ATP2, the essential P4-ATPase of malaria parasites, catalyzes lipid-dependent ATP hydrolysis in complex with a Cdc50 β-subunit

Abstract

Efficient mechanisms of lipid transport are indispensable for the Plasmodium malaria parasite along the different stages of its intracellular life-cycle. Gene targeting approaches have recently revealed the irreplaceable role of the Plasmodium-encoded type 4 P-type ATPases (P4-ATPases or lipid flippases), ATP2, together with its potential involvement as antimalarial drug target. In eukaryotic membranes, P4-ATPases assure their asymmetric phospholipid distribution by translocating phospholipids from the outer to the inner leaflet. As ATP2 is a yet putative transporter, in this work we have used a recombinantly-produced P. chabaudi ATP2, PcATP2, to gain insights into the function and structural organization of this essential transporter. Our work demonstrates that PcATP2 heterodimerizes with two of the three Plasmodium-encoded Cdc50 proteins: PcCdc50B and PcCdc50A, indispensable partners for most P4-ATPases.
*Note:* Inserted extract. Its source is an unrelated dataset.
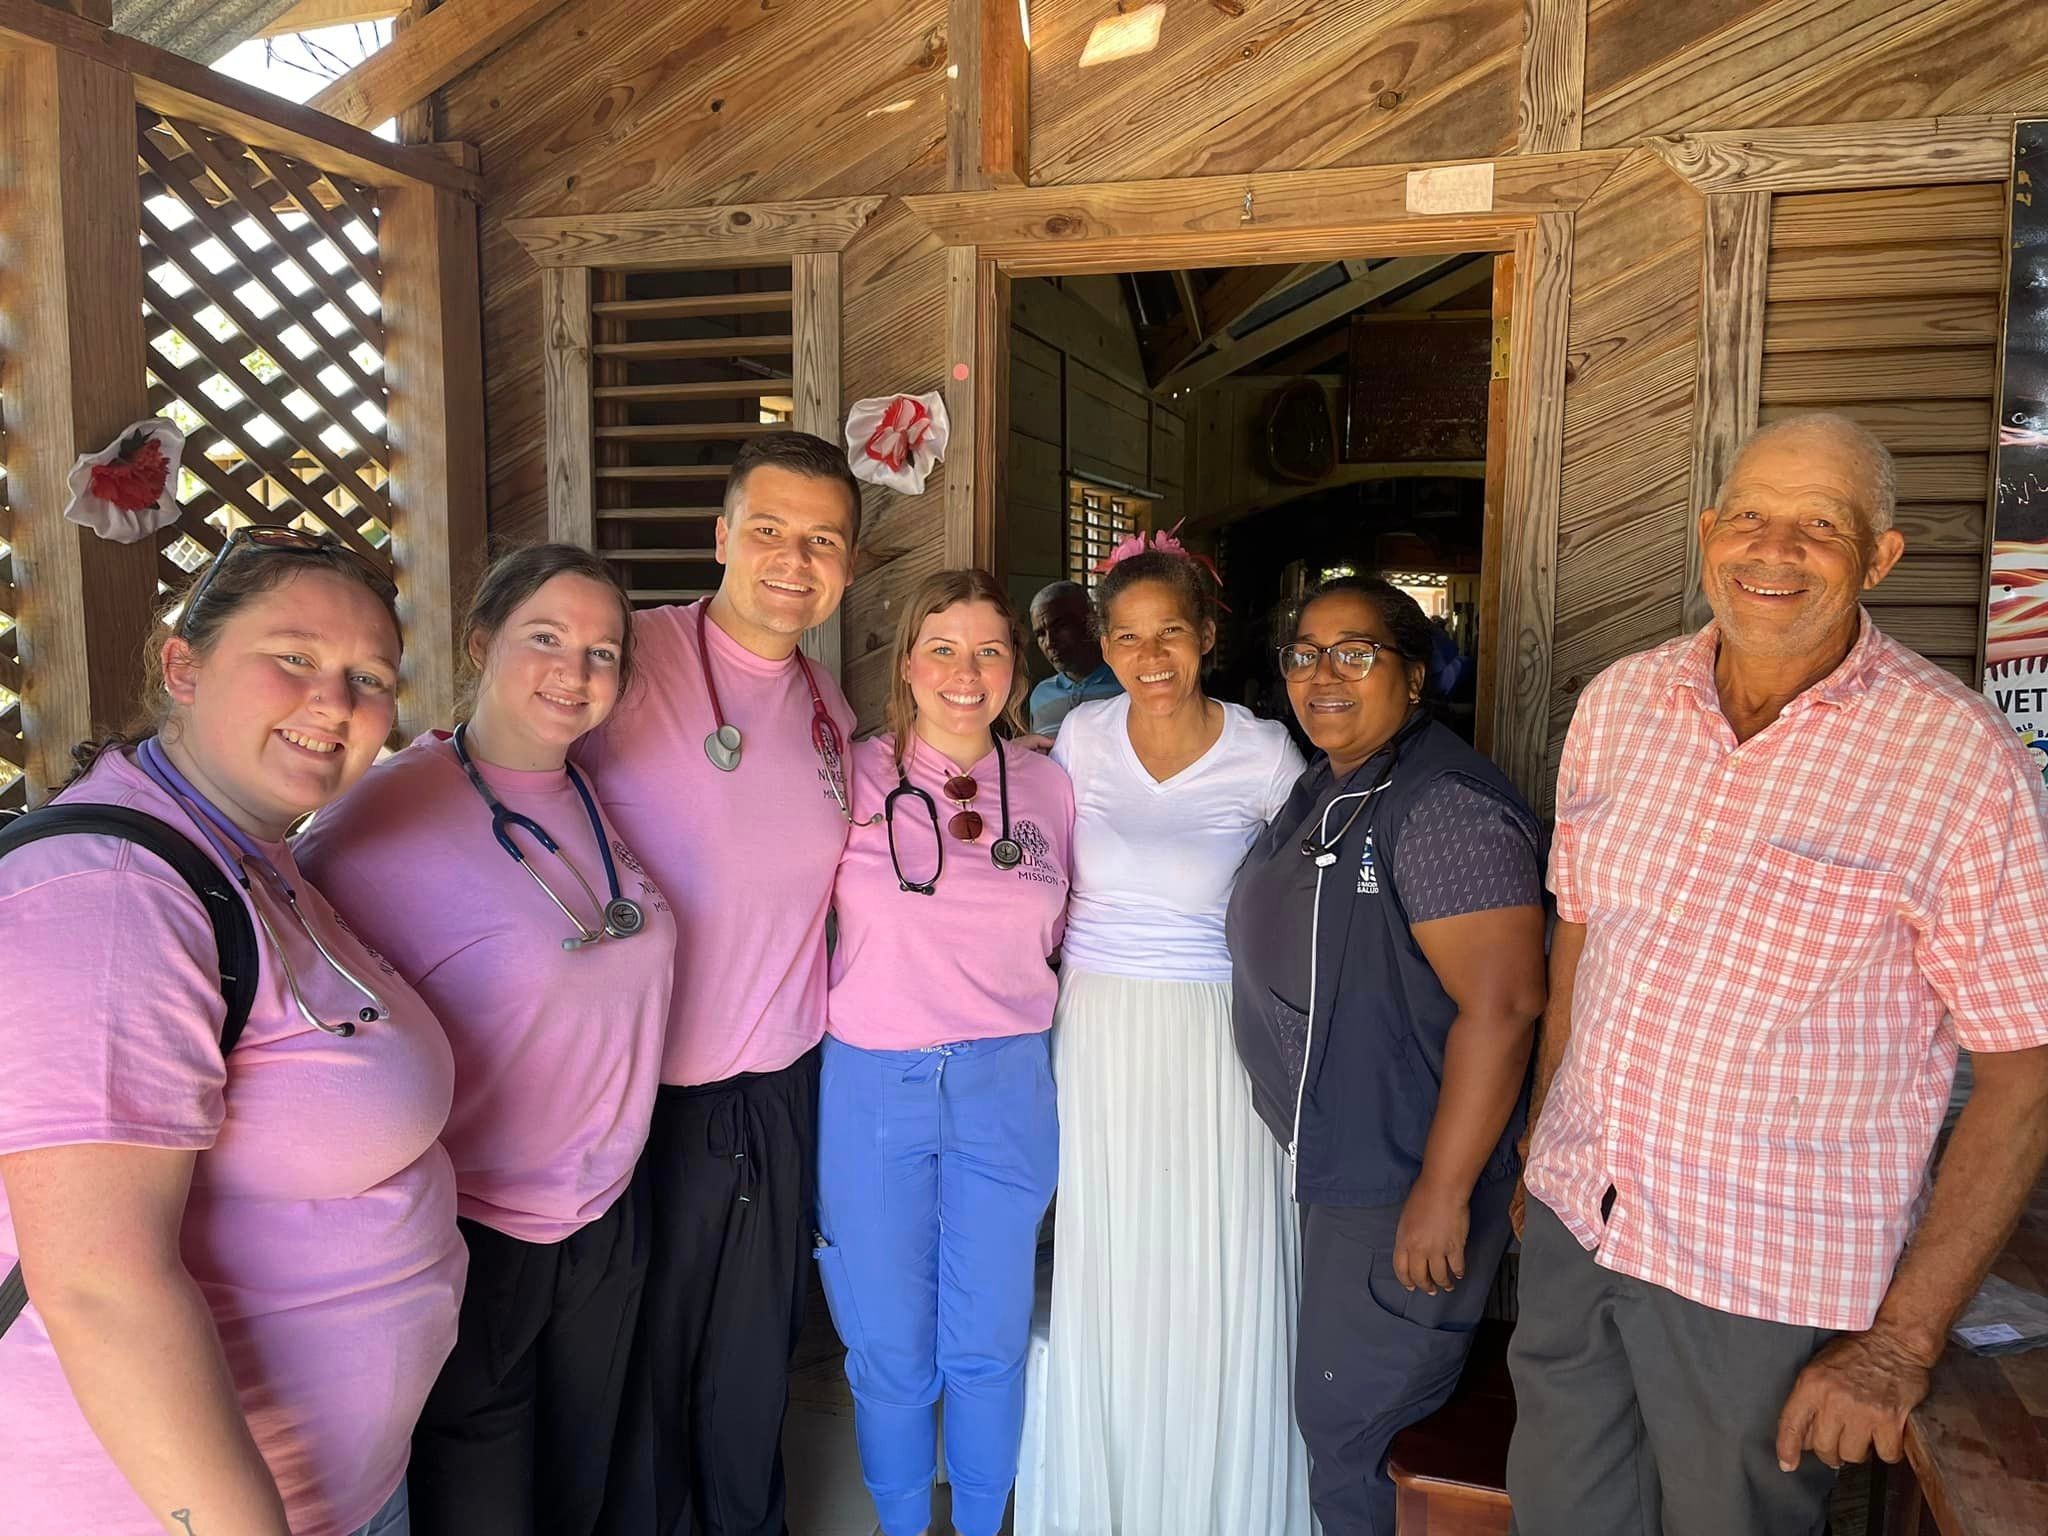 VU Nursing students, faculty and alumni volunteering during a medical mission trip to the Dominican Republic

Moreover, the purified PcATP2/PcCdc50B complex catalyses ATP hydrolysis in the presence of phospholipids containing either phosphatidylserine, phosphatidylethanolamine or phosphatidylcholine head groups, and that this activity is upregulated by phosphatidylinositol 4-phosphate. Overall, our work provides the first study of the function and quaternary organization of ATP2, a promising antimalarial drug target candidate.